Daniel - Well if it caused them to build that well, that seems to be worth trying.


----------



## jbraun (Nov 13, 2013)

Bugman, I just went through what Walt wrote in his papers today. He talked about adding supers just before redbud bloom. Then checkerboarding every other frame in the top deep with drawn comb. That way they have room for nectar without backfilling the brood nest. If they don't start working on that area then open up the honey band with drawn comb. You do know that you can get that info by going through the Point Of View section and scrolling down to Walt's name.
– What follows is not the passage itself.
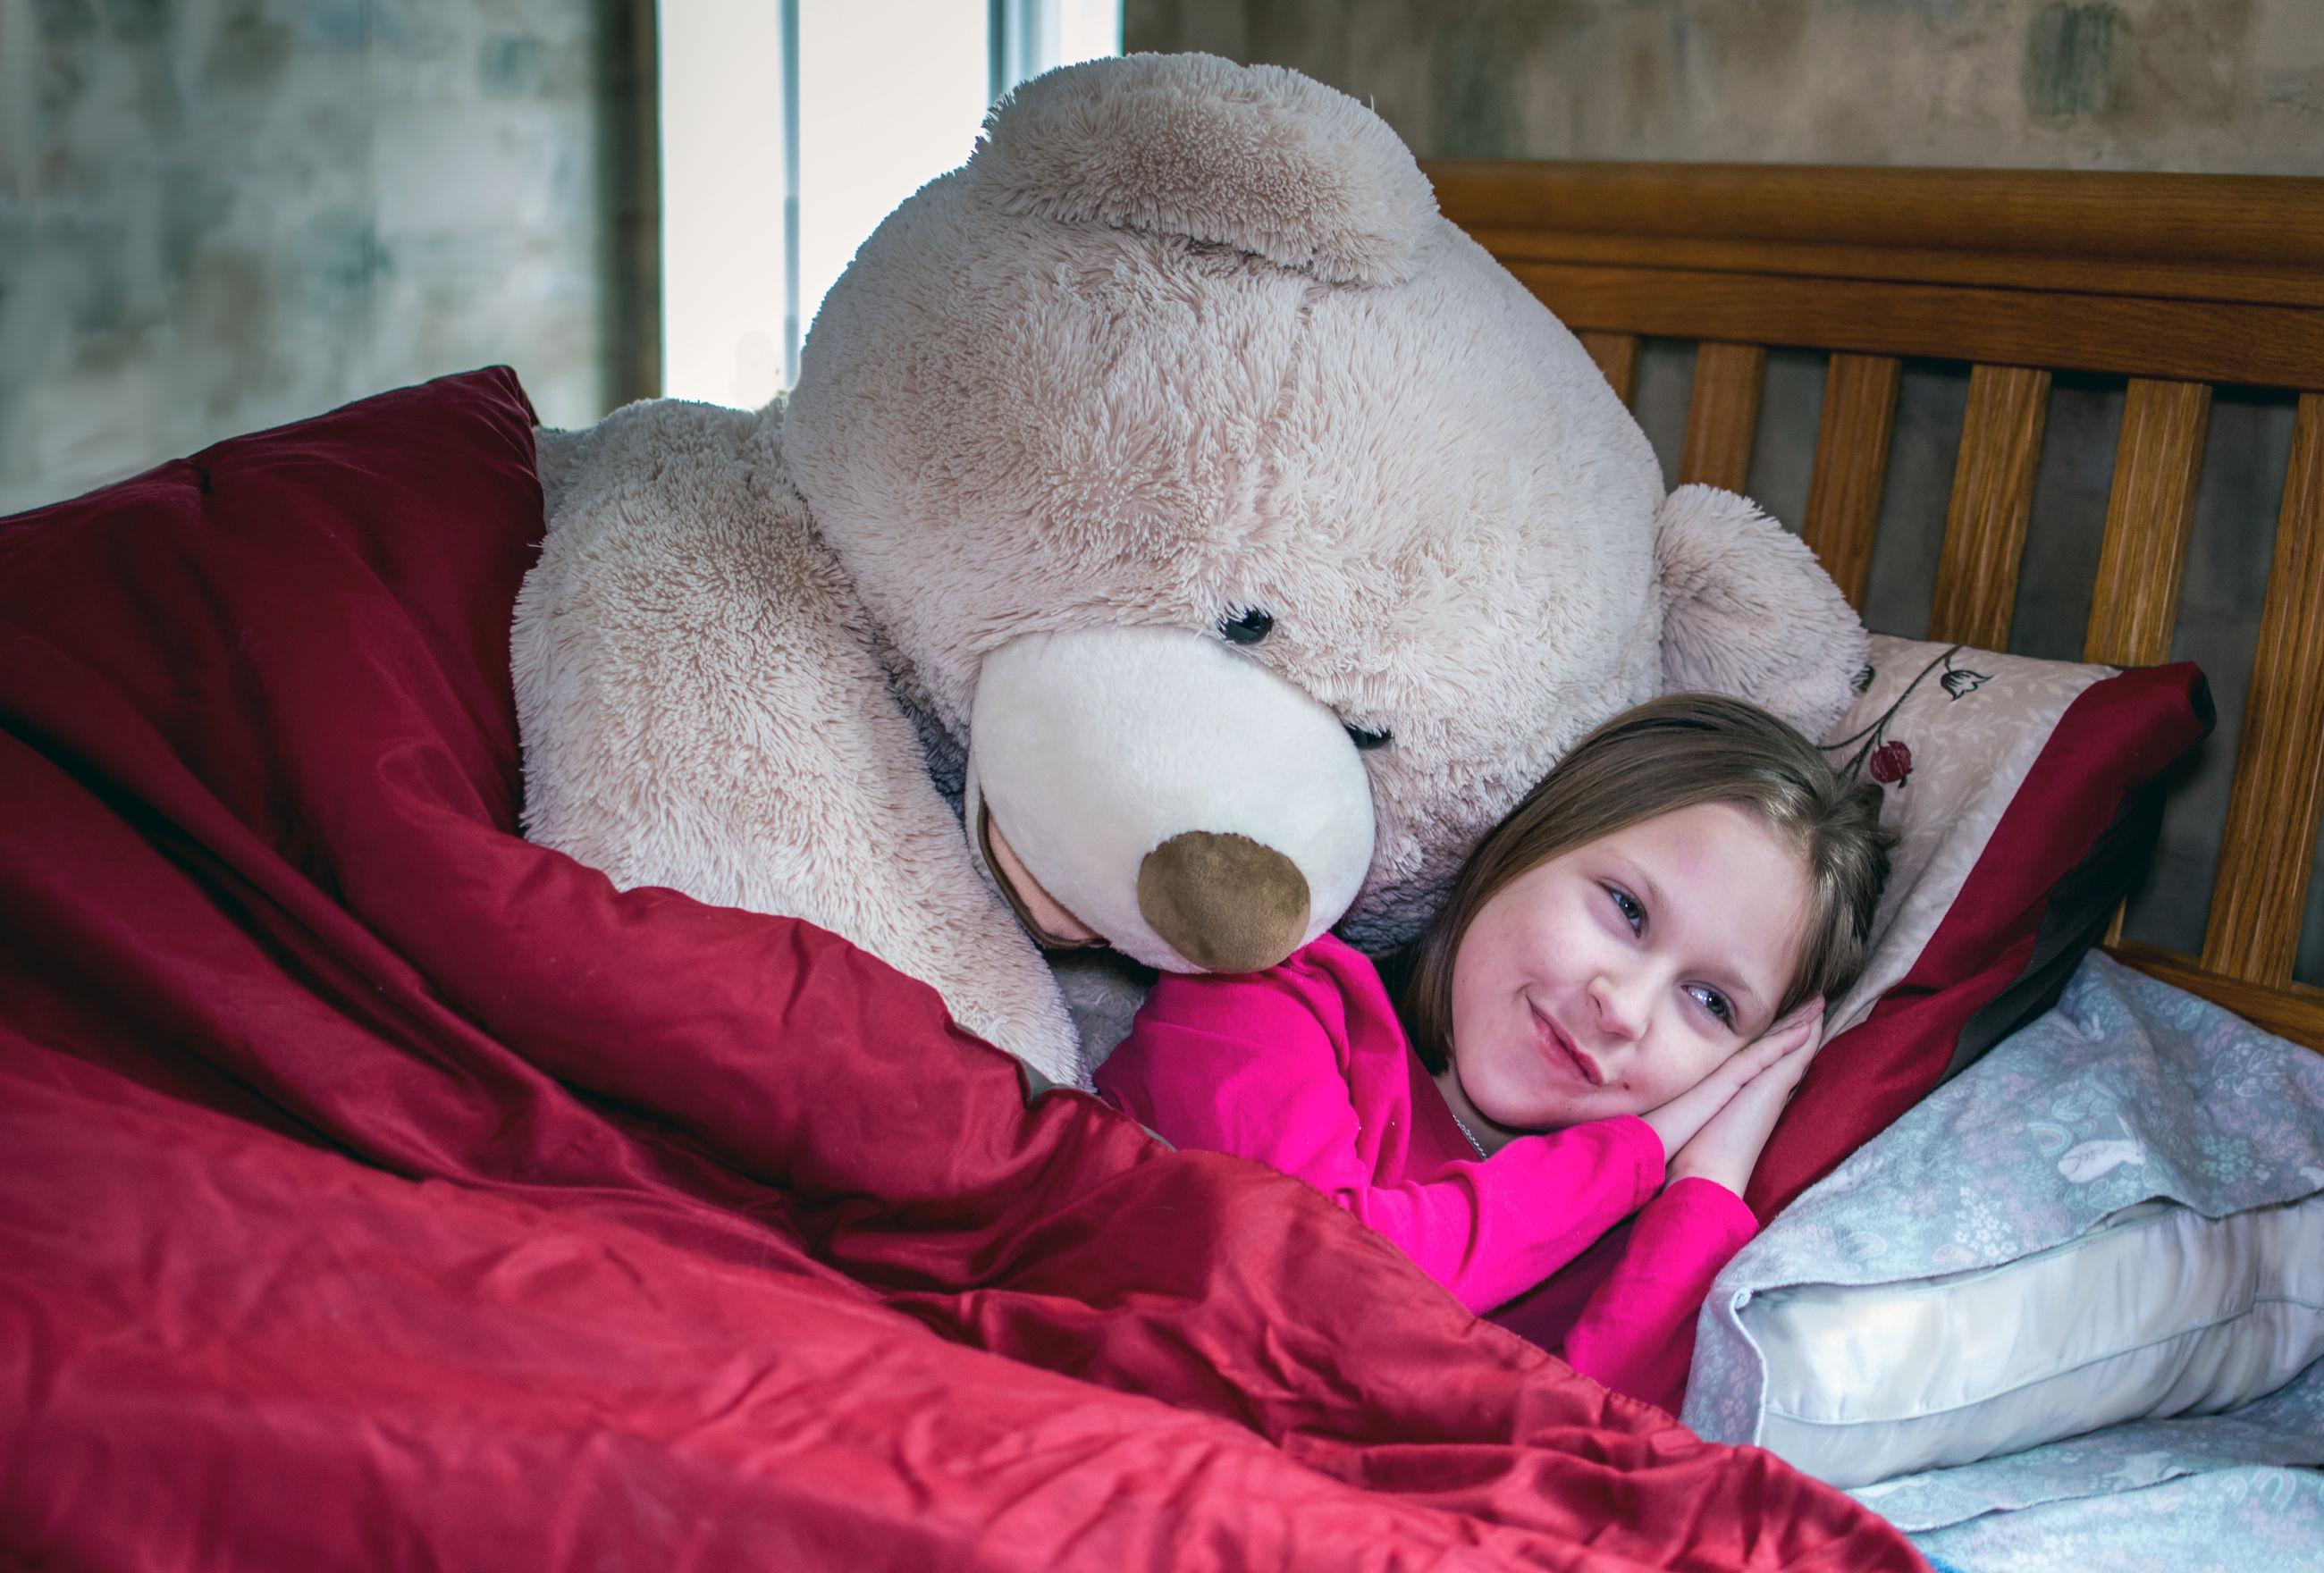 Big stuffed bear asks a little girl if she is awake or sleeping

Daniel Y, Do you have redbuds at your altitude? I lived in the Sacramento valley and we did. That's what I'm using as a reference point. I think that's what you talked about on RSCOD, right? Or are you looking for the last possible swarm. Not sure what RSCOD means yet but I'll look it up.


----------



## Daniel Y (Sep 12, 2011)

RSCOD, Reproductive Swarm Cut Off Date. My acronym. Walt says he looks for apple bloom and calculates that date from then. If bees have not started prep for swarming by that date the will abort swarm attempts.


----------



## jbraun (Nov 13, 2013)

Daniel Y, RSCOD isn't the end date for swarming as you suggested in the second paragraph of your first post. I see why you had a hard time pinpointing it for the past 2 years.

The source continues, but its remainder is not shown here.